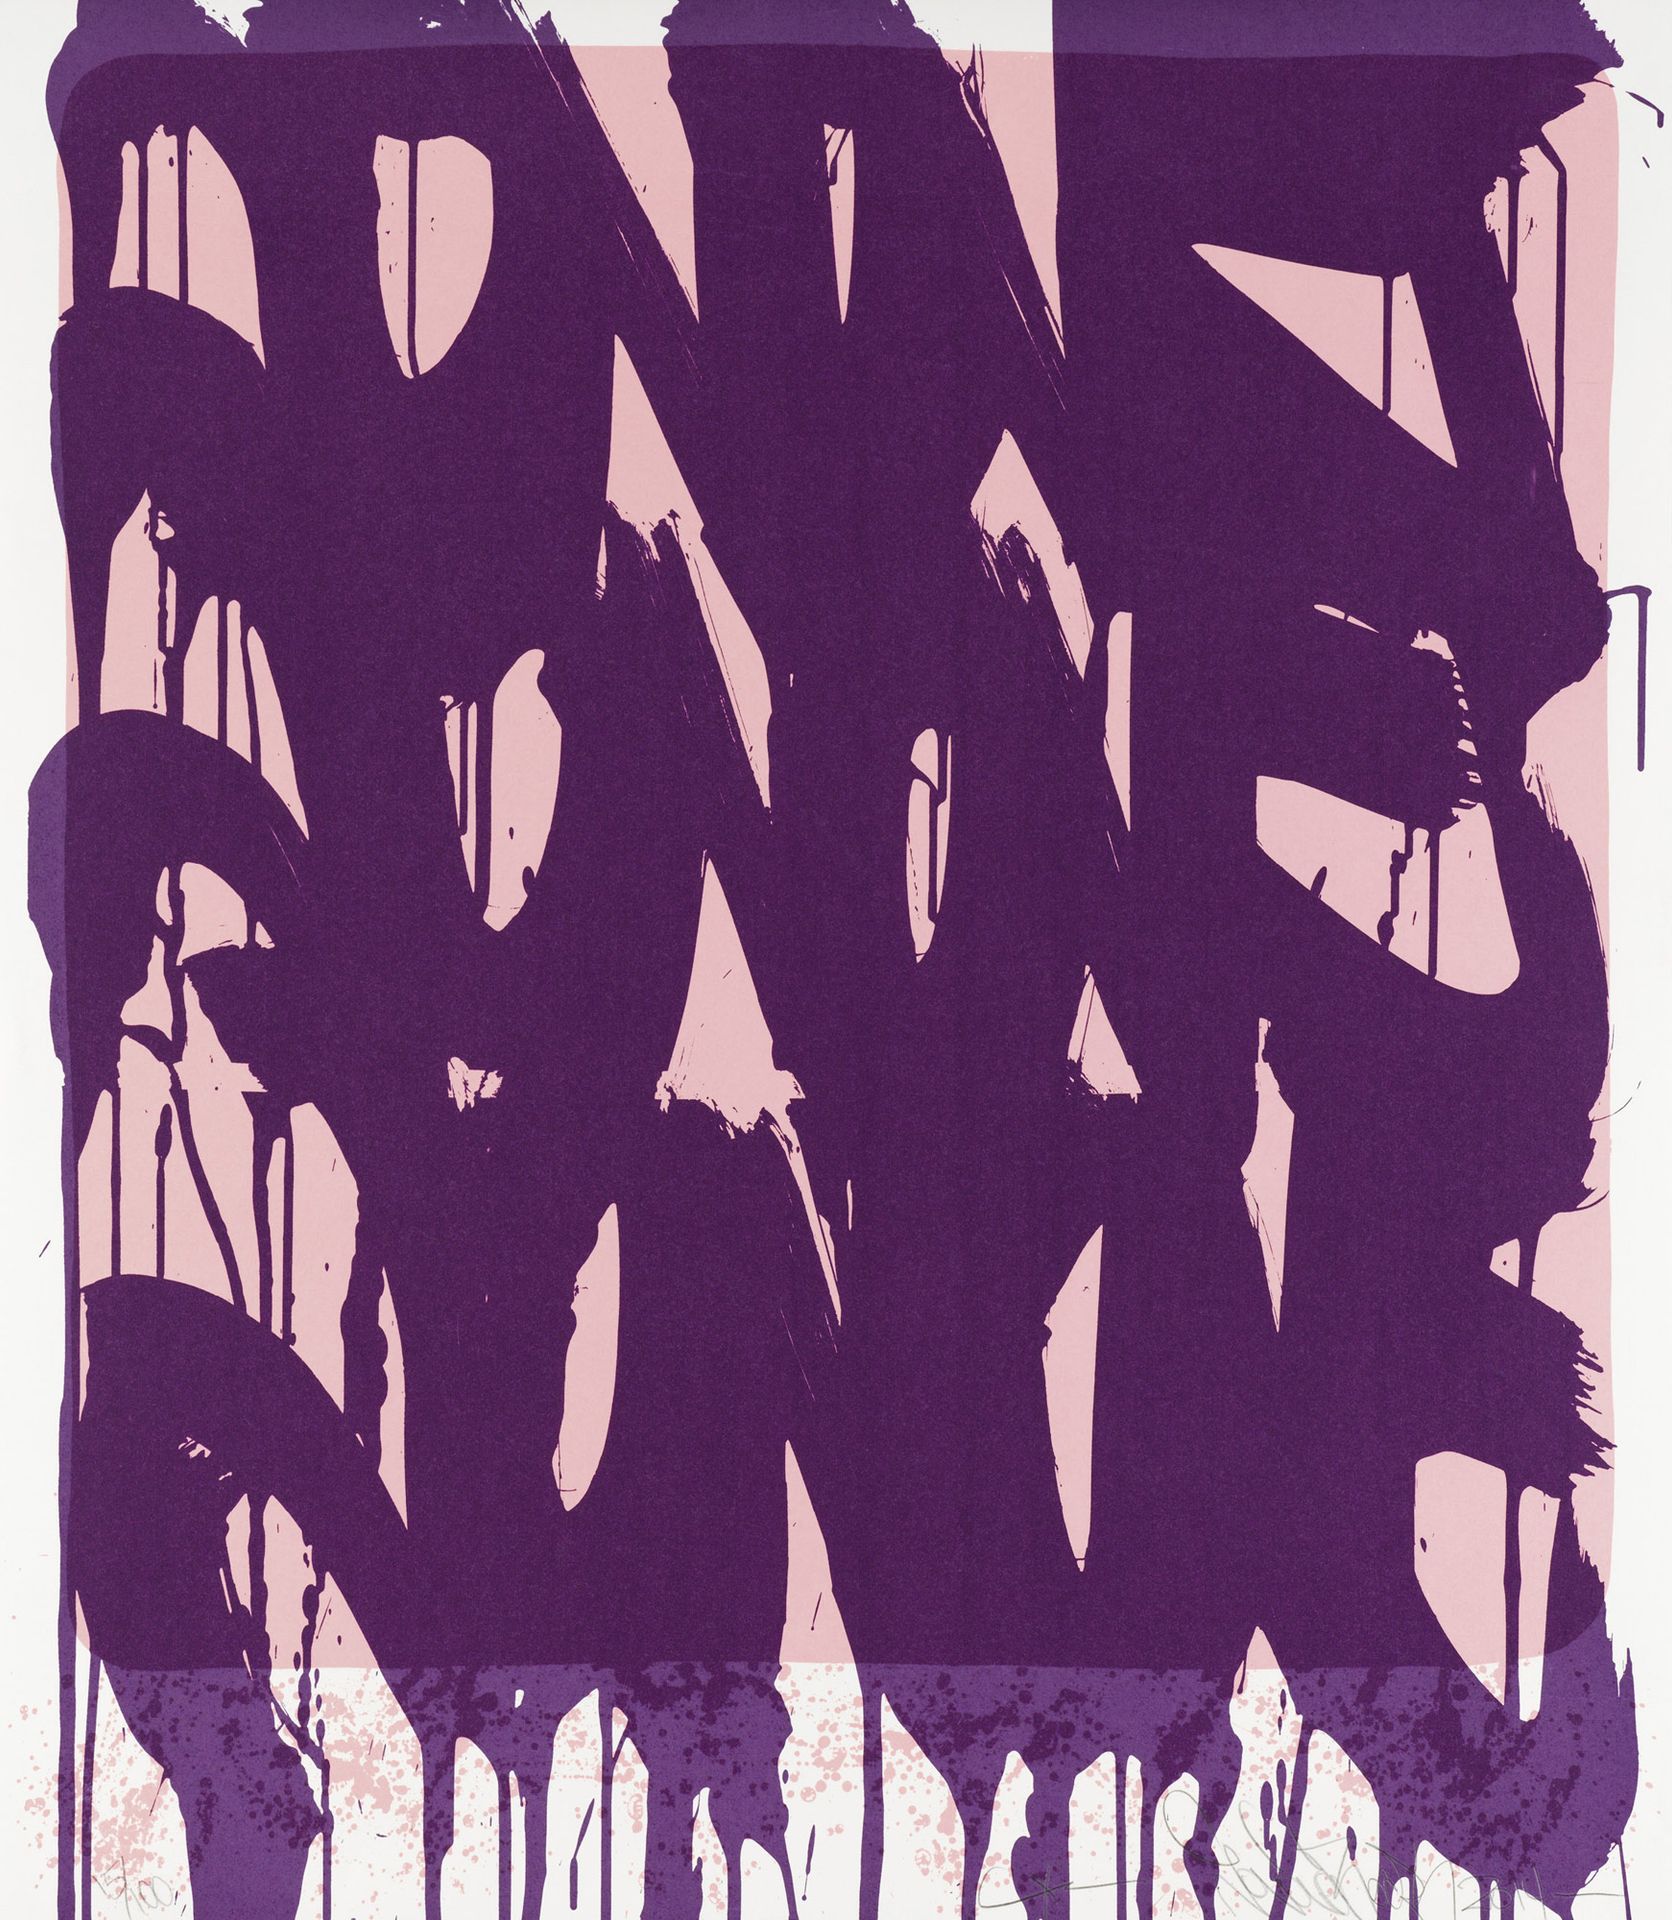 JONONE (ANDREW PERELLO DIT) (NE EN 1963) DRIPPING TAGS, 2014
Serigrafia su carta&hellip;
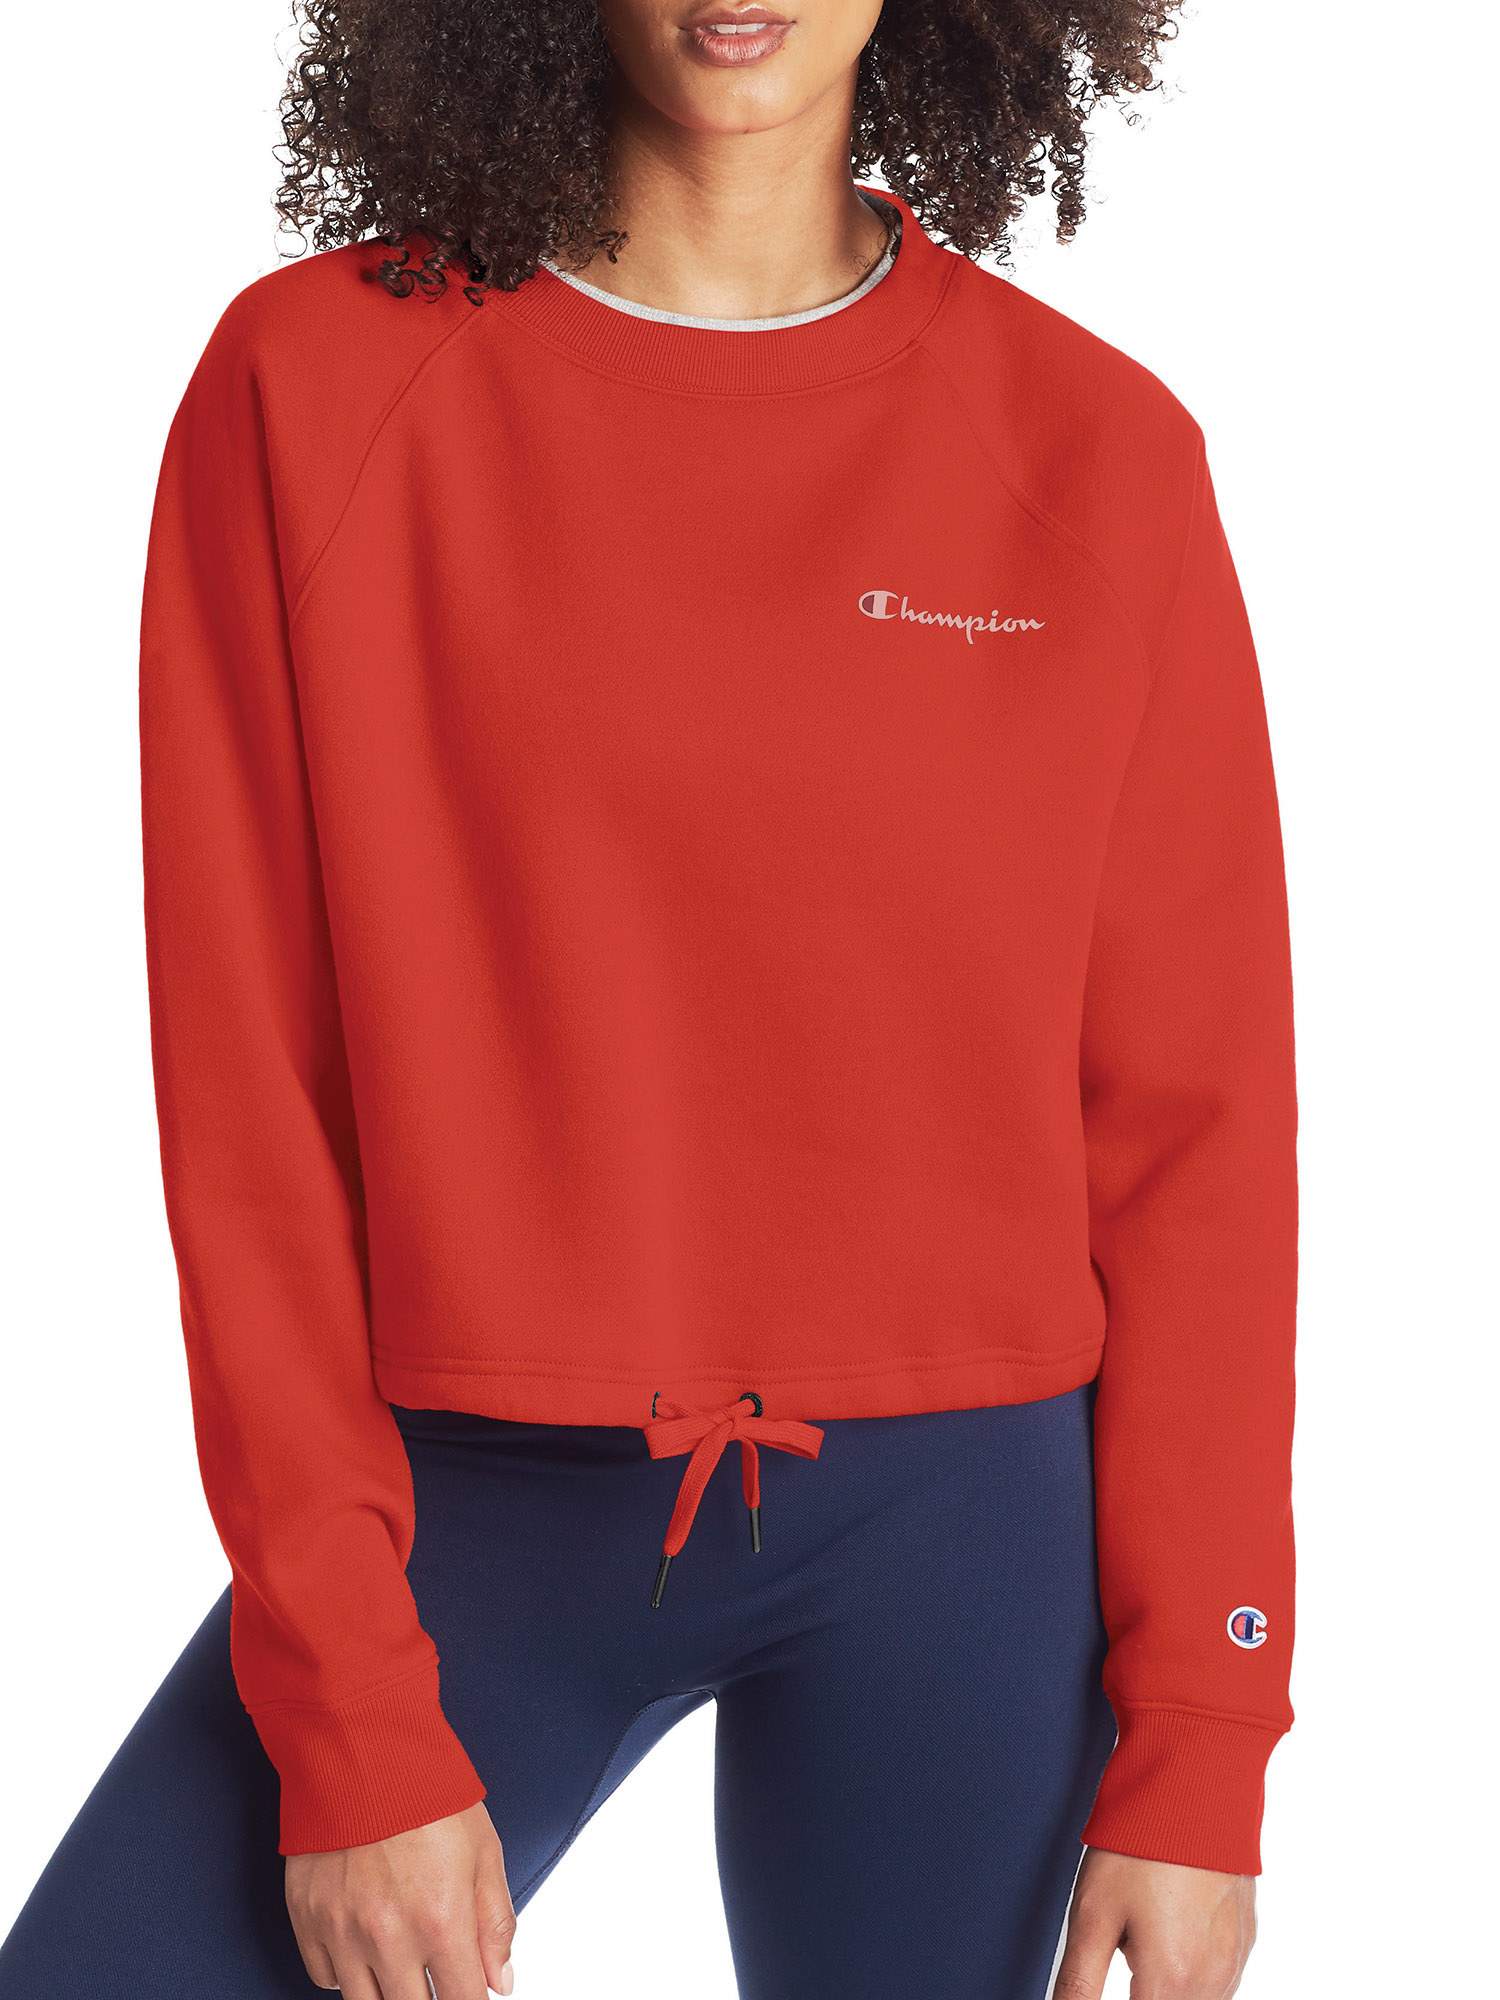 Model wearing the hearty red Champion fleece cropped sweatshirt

#### Goal of the exercise
Where pictures occur in the material above, omit them and return everything else exactly.

#### Written answer
 JONONE (ANDREW PERELLO DIT) (NE EN 1963) DRIPPING TAGS, 2014
Serigrafia su carta&hellip;
 Model wearing the hearty red Champion fleece cropped sweatshirt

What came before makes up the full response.